In Europe, we are excited about the opportunity to offer FUEL CHEM to the operators of biomass fired units and municipal solid waste units - both of which are known to have severe and costly slagging and fouling issues.

We received a purchase order for one biomass fired unit in the first quarter of this year and the demonstration will start early in the second quarter. Additionally, we are currently performing modeling for work for a municipal solid waste operator with the intent of having a demonstration starting late of the second quarter.

On a worldwide basis, we are expanding our industrial reach into the pulp and paper industry where FUEL CHEM - more specifically our proprietary recovery chem technology - can address the issue of slagging and fouling and black liquor recovery boilers.

In the U.S., we have completed a technology demonstration with a large multi-national company that we believe will build well for expanding the technology on a commercial basis with that customer and with customers in that market on a global basis.

In terms of order of magnitude, generally, we would expect revenues from this technology application to be in the range of $300,000 to $600,000 per unit on an annualized basis. We are currently assessing the addressable market for this technology application on a global basis.

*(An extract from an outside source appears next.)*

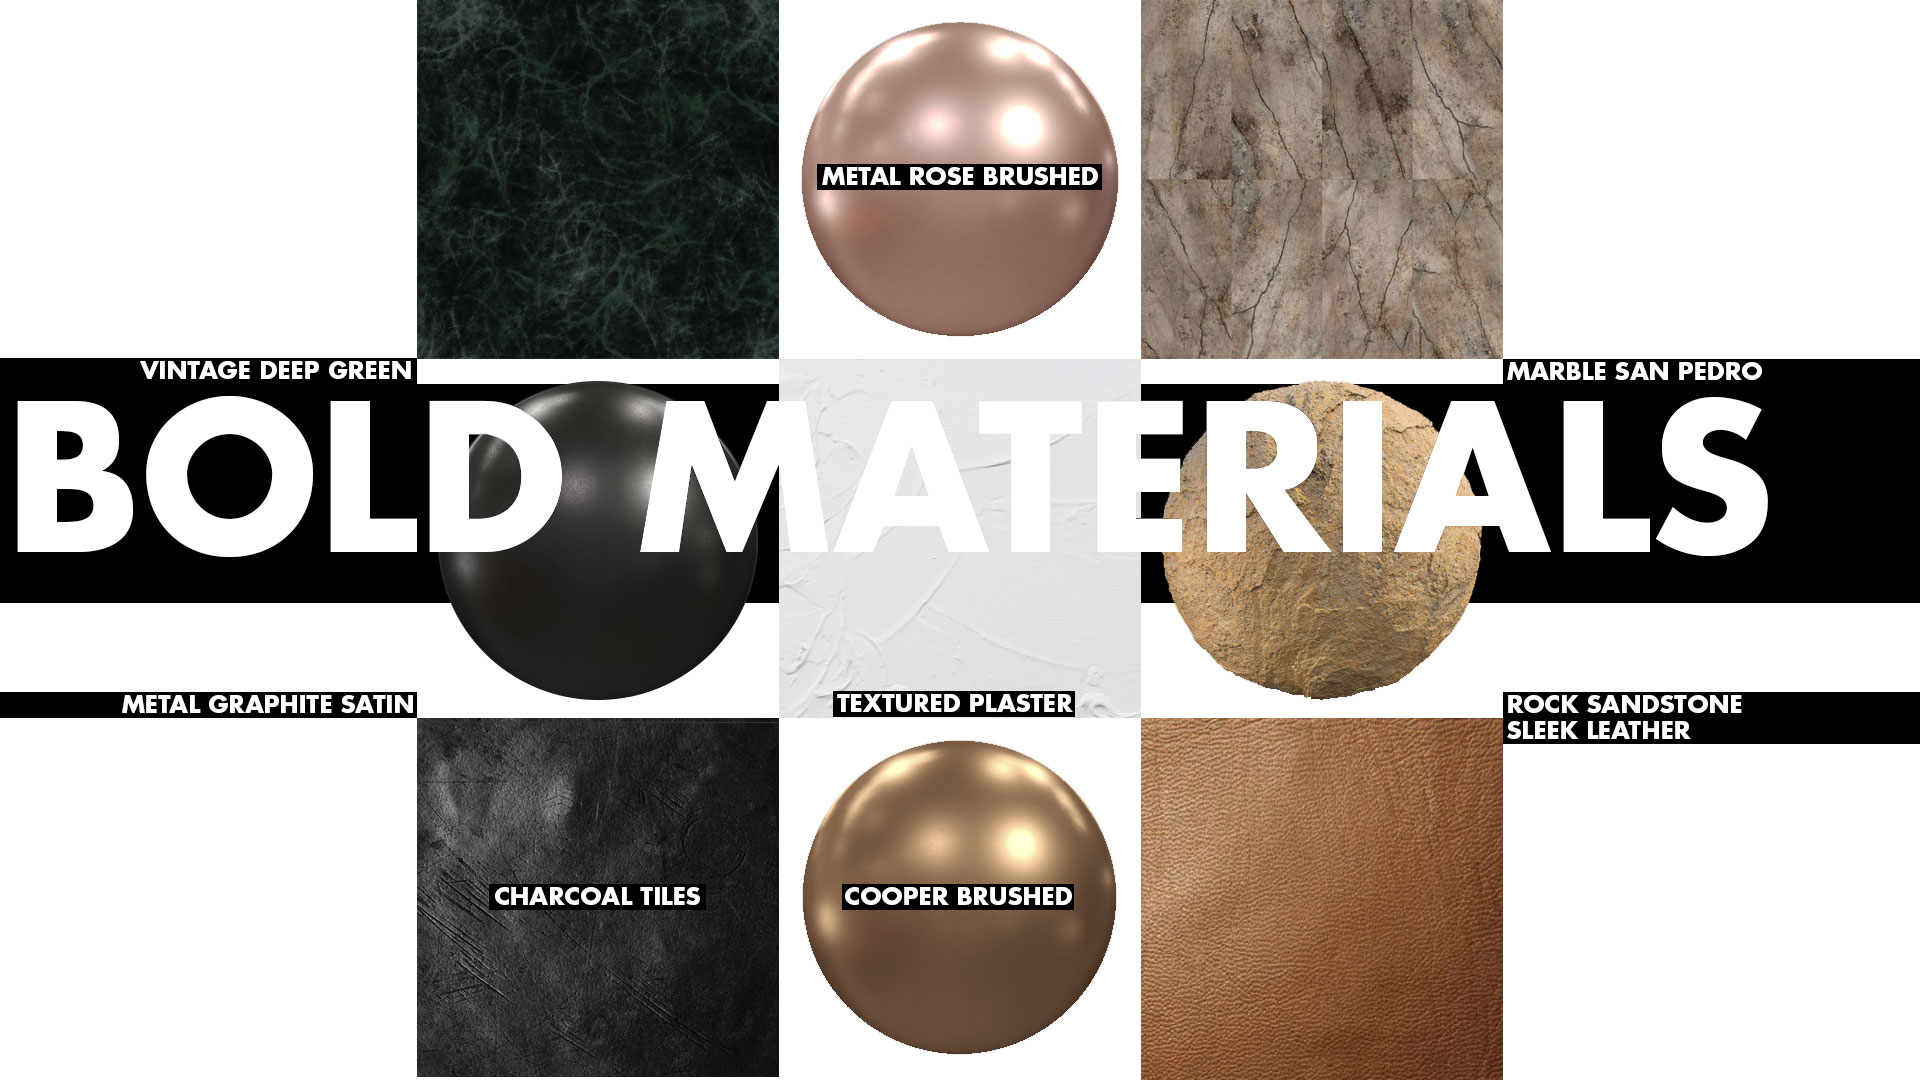 The materials used for the interior design of the lobby visualized in 3d.
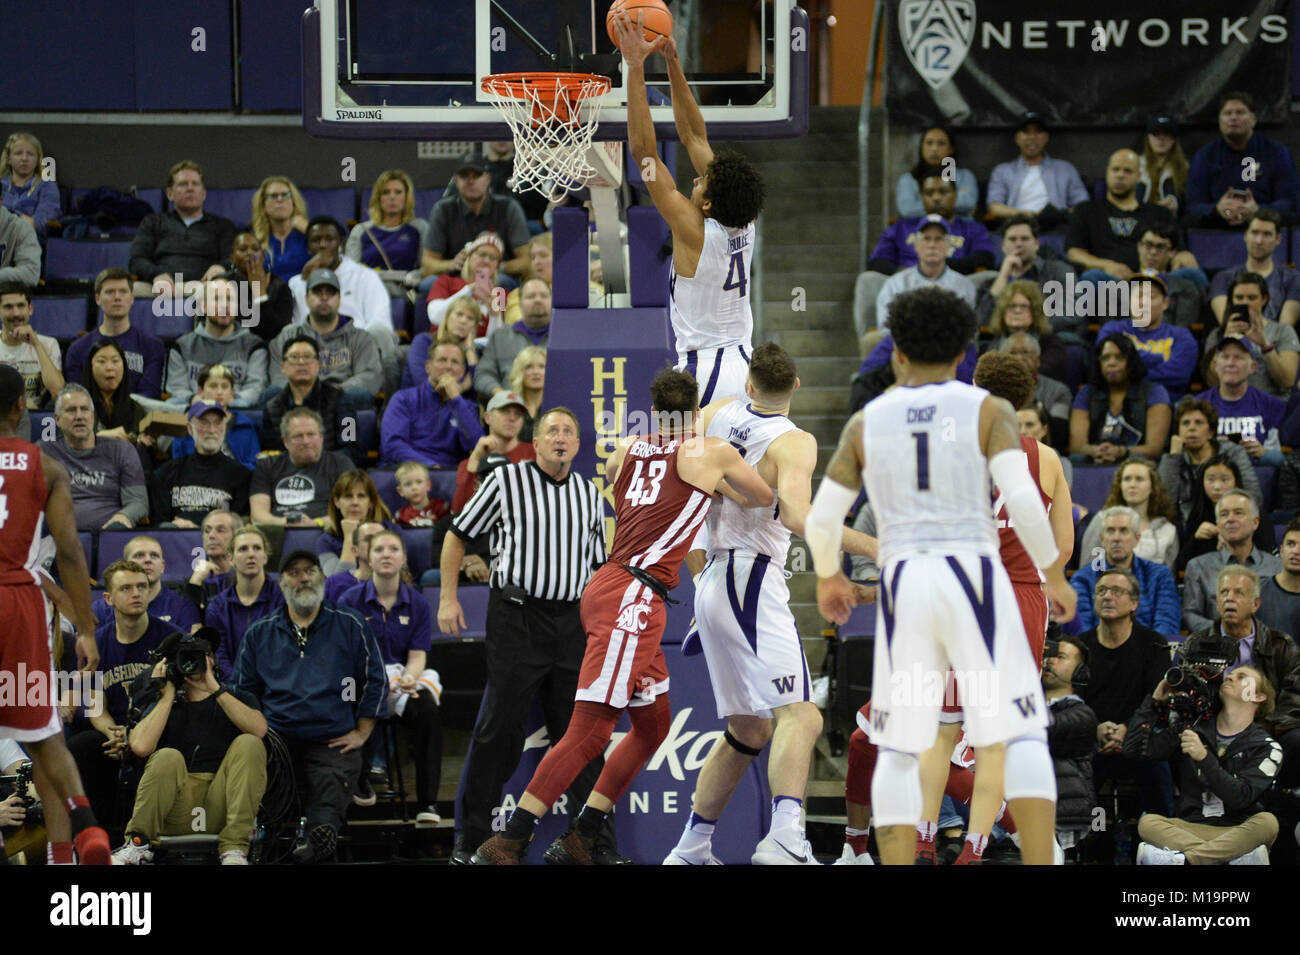 Seattle, WA, USA. 28th Jan, 2018. Matisse Thybulle (4) dunks for two of his 18 points during a PAC12 basketball game between the Washington Huskies and WSU Cougars. Washington won the game 80-62. The game was played at Hec Ed Pavilion in Seattle, WA. Jeff Halstead/CSM/Alamy Live News Stock Photo

Back in the third quarter, we announced the signing of an exclusive agreement under which Fuel Tech has licensed its proprietary Recovery CHEM technology to Amazon Papyrus Chemicals Group, a leading supplier of specialty chemicals to the pulp and paper industry in the Asia.

Amazon currently manufactures and sells a variety of industry-specific chemicals to greater than 350 pulp and paper unit on that continent. It is our goal to have a successful technology demonstration in Asia before the end of the third quarter as a springboard towards accelerating business activity thereafter.

We have currently solidified our chemical supply in the region and we are evaluating three to four possible demonstration candidates. Now, before I turn things over to Dave, I wanted to update you about the latest developments for our Fuel Conversion business segment.

As explained previously, our Fuel Conversion initiative started in late 2014, converts low-cost carbon-based feedstocks into high value engineered carbon products. During the fourth quarter, further progress was made in the commercialization of the Fuel Conversion business.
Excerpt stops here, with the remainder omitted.